At 10.55am on 27 November 1978, San Francisco City Supervisor Dan White shot and killed Mayor George Moscone with four bullets. He reloaded, ran through City Hall and killed Supervisor Harvey Milk with another four. At his trial, a psychiatrist for the defence argued that White's consumption of junk food led to vacillations in his blood-sugar level and exacerbated indications of manic depression. Instead of going down for murder, he walked away with a seven-year sentence for voluntary manslaughter.

In a surprising instance of self-control, the lawyers in the OJ Simpson trial didn't try the junk food defence. Nor did they say the plaintiff had been influenced by watching too many musicals, but one peek at the 1975 show Chicago would have revealed an extraordinary case of life imitating art.

Ladies and gentlemen of the jury, consider the facts laid before you in this musical. A woman shoots her lover and tries to pin the blame on someone else. It doesn't wash and she's banged up on murderer's row. She hires the flashiest lawyer in town who whips up a storm of publicity and turns the trial into a media circus. She becomes a national celebrity, the nation holds its breath: she gets off. I rest my case.

This collision between fact and fiction actually dates back to 1927, when Maurine Watkins turned a real-life story into a play and then a film called Chicago. Fifteen years later, Ginger Rogers played the title role in Roxie Hart, a tart, brittle, very funny screen version of the crime. Broadway star Gwen Verdon tried and failed to get the rights for years, but Watkins finally relented and left the property to her in her will. Verdon took the project to director and choreographer Bob Fosse who teamed up with lyricist Fred Ebb and composer John Kander and the musical opened on Broadway in June 1975.

Three weeks later, A Chorus Line opened and everyone forgot Fosse's show. It ran for two years, but beneath the glamorous surface of this shimmering show, there's a jet black cynicism about American values and the judicial system which didn't endear it to the nation. One of its greatest strengths is that never for a moment does it soften up or go sentimental.

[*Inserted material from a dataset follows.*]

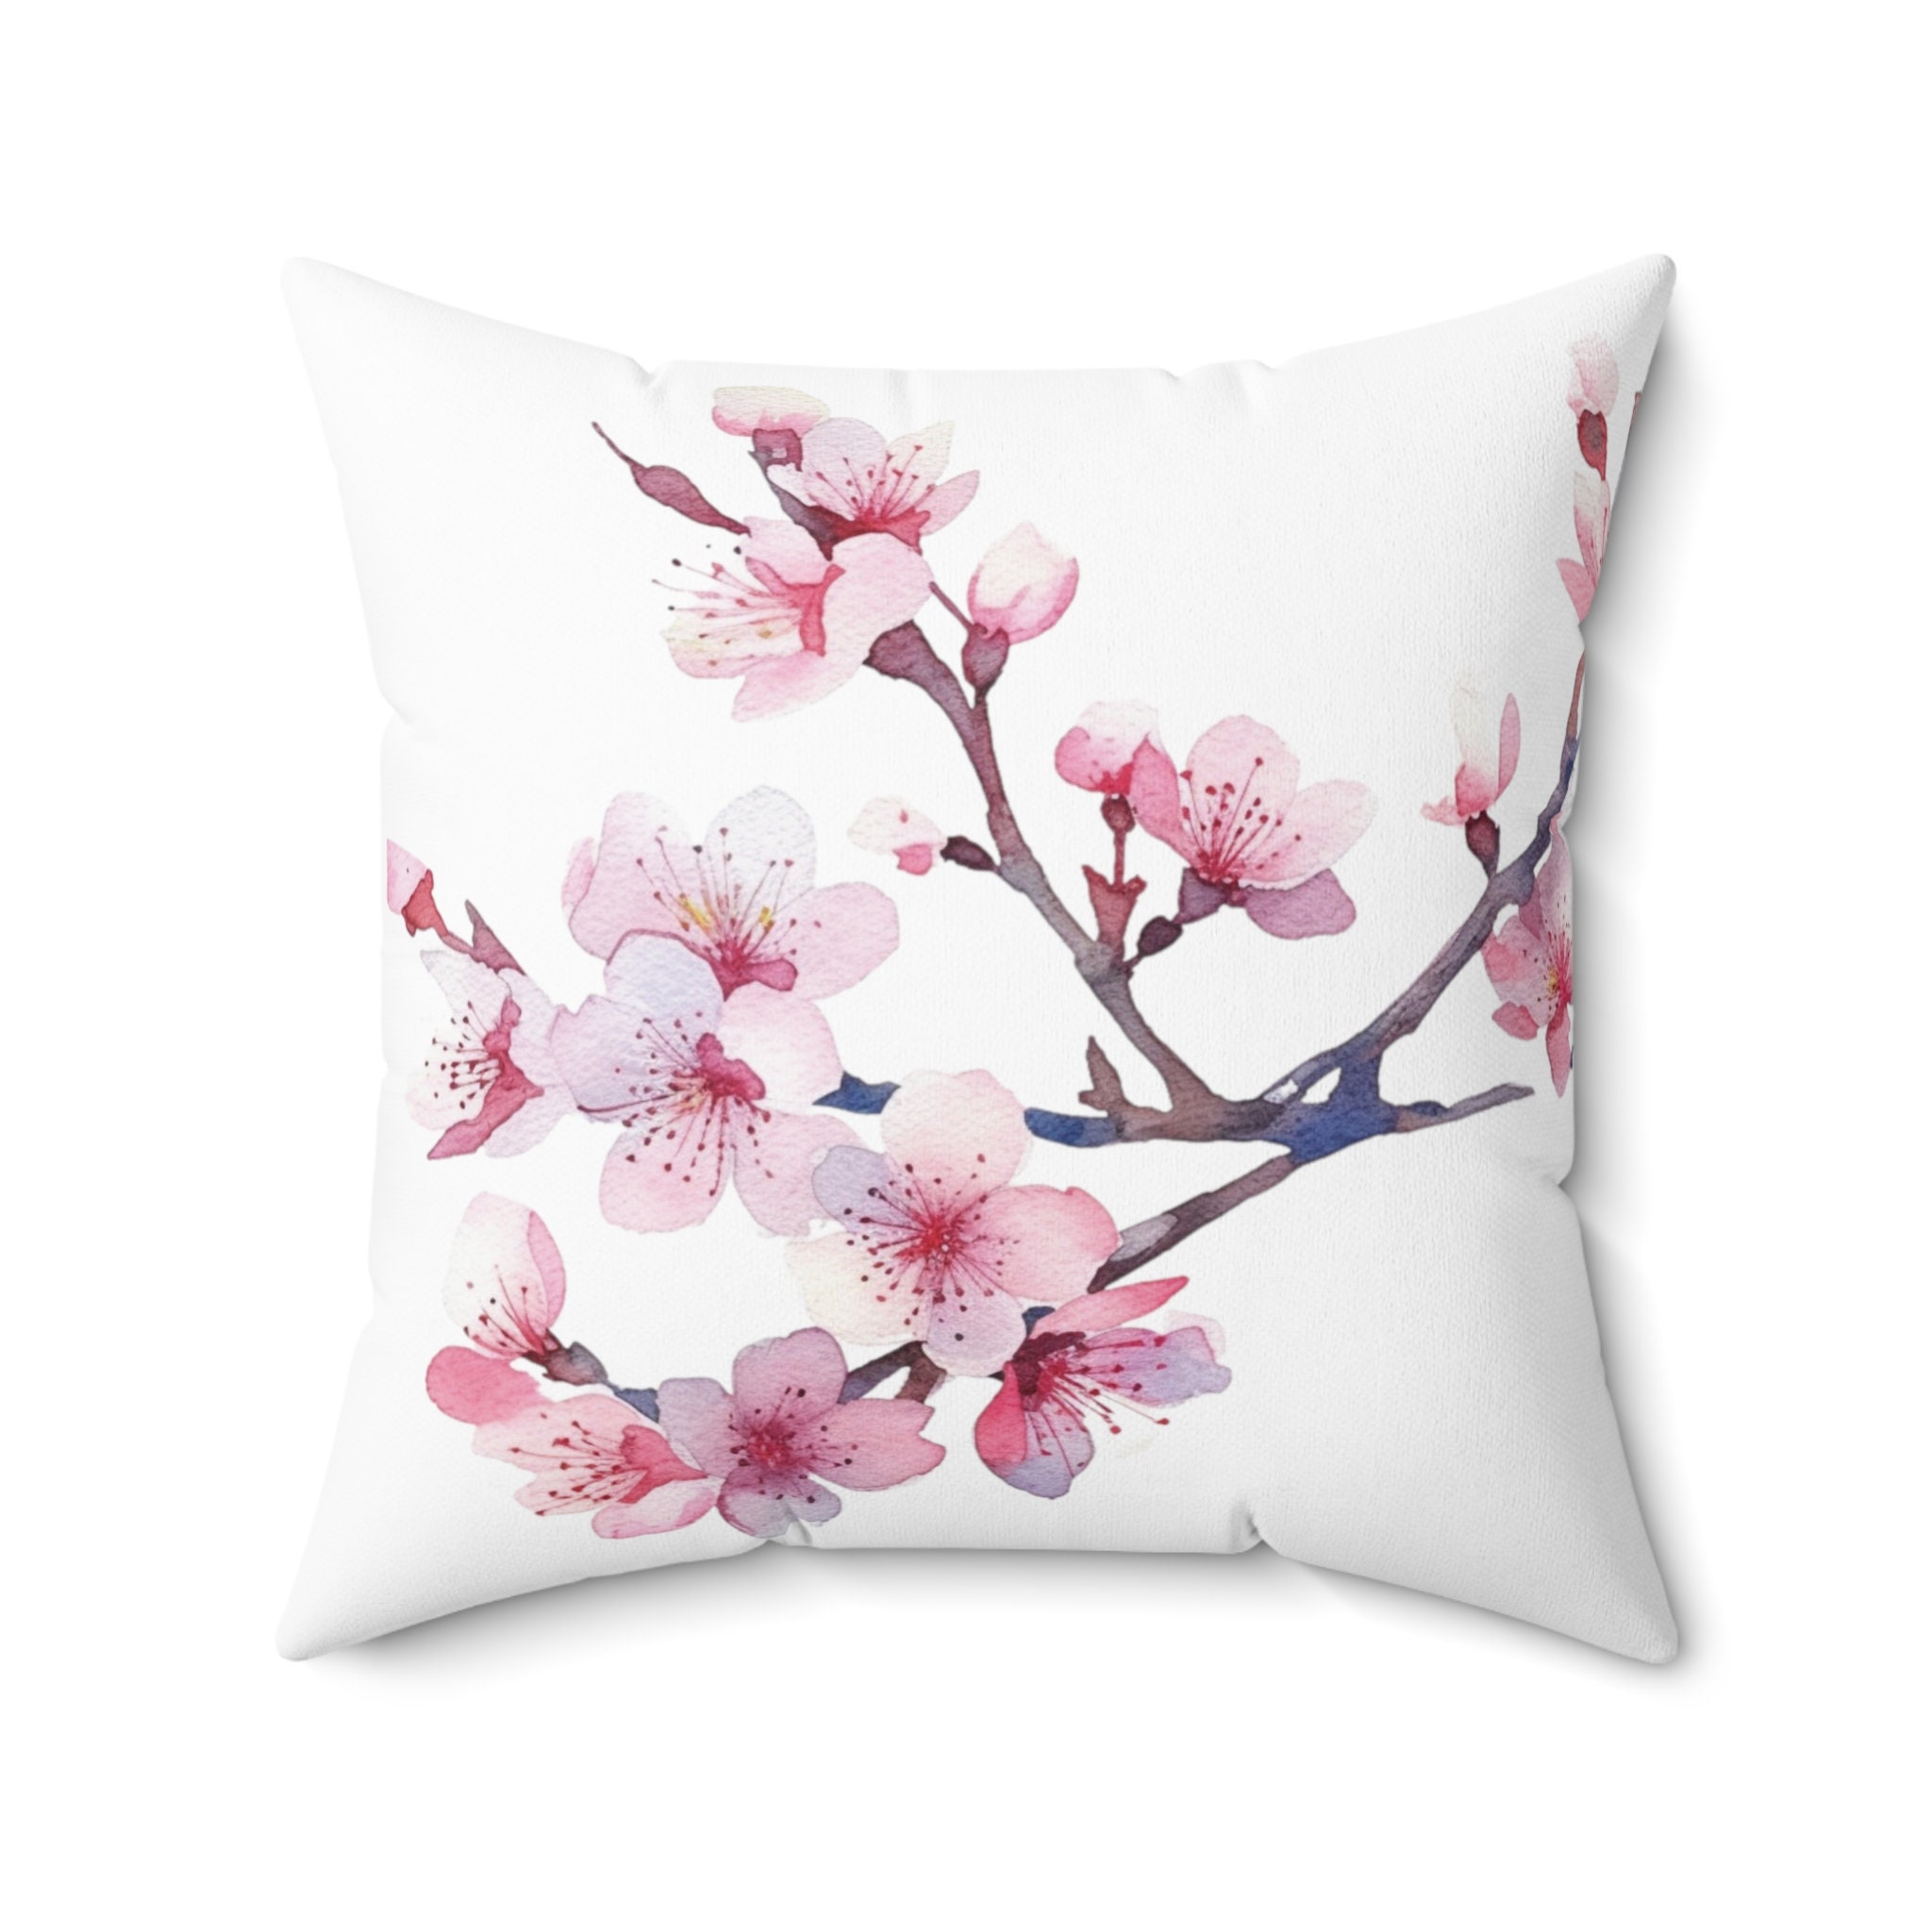 Cherry Blossom Throw Pillow, Cherry Tree Branch, Flower Pillow, Decorative  Pillow, Floral Pillow Cover, Gift for Her, Pink Pillowcase, Vl

Two decades later, in the wake of OJ, you can't get a seat for the sensational New York revival: a musical has taken the pulse of the nation. Last I heard, the London production has clocked up a staggering advance in excess of pounds 2.5m, and it's still only in preview. Walk past the theatre and you'll see the happy sign announcing "House Full". If the legal hoop-la surrounding the Louise Woodward trial is anything to go by, I think we can assume that a peculiarly high percentage of the audience on both sides of the Atlantic have been lawyers.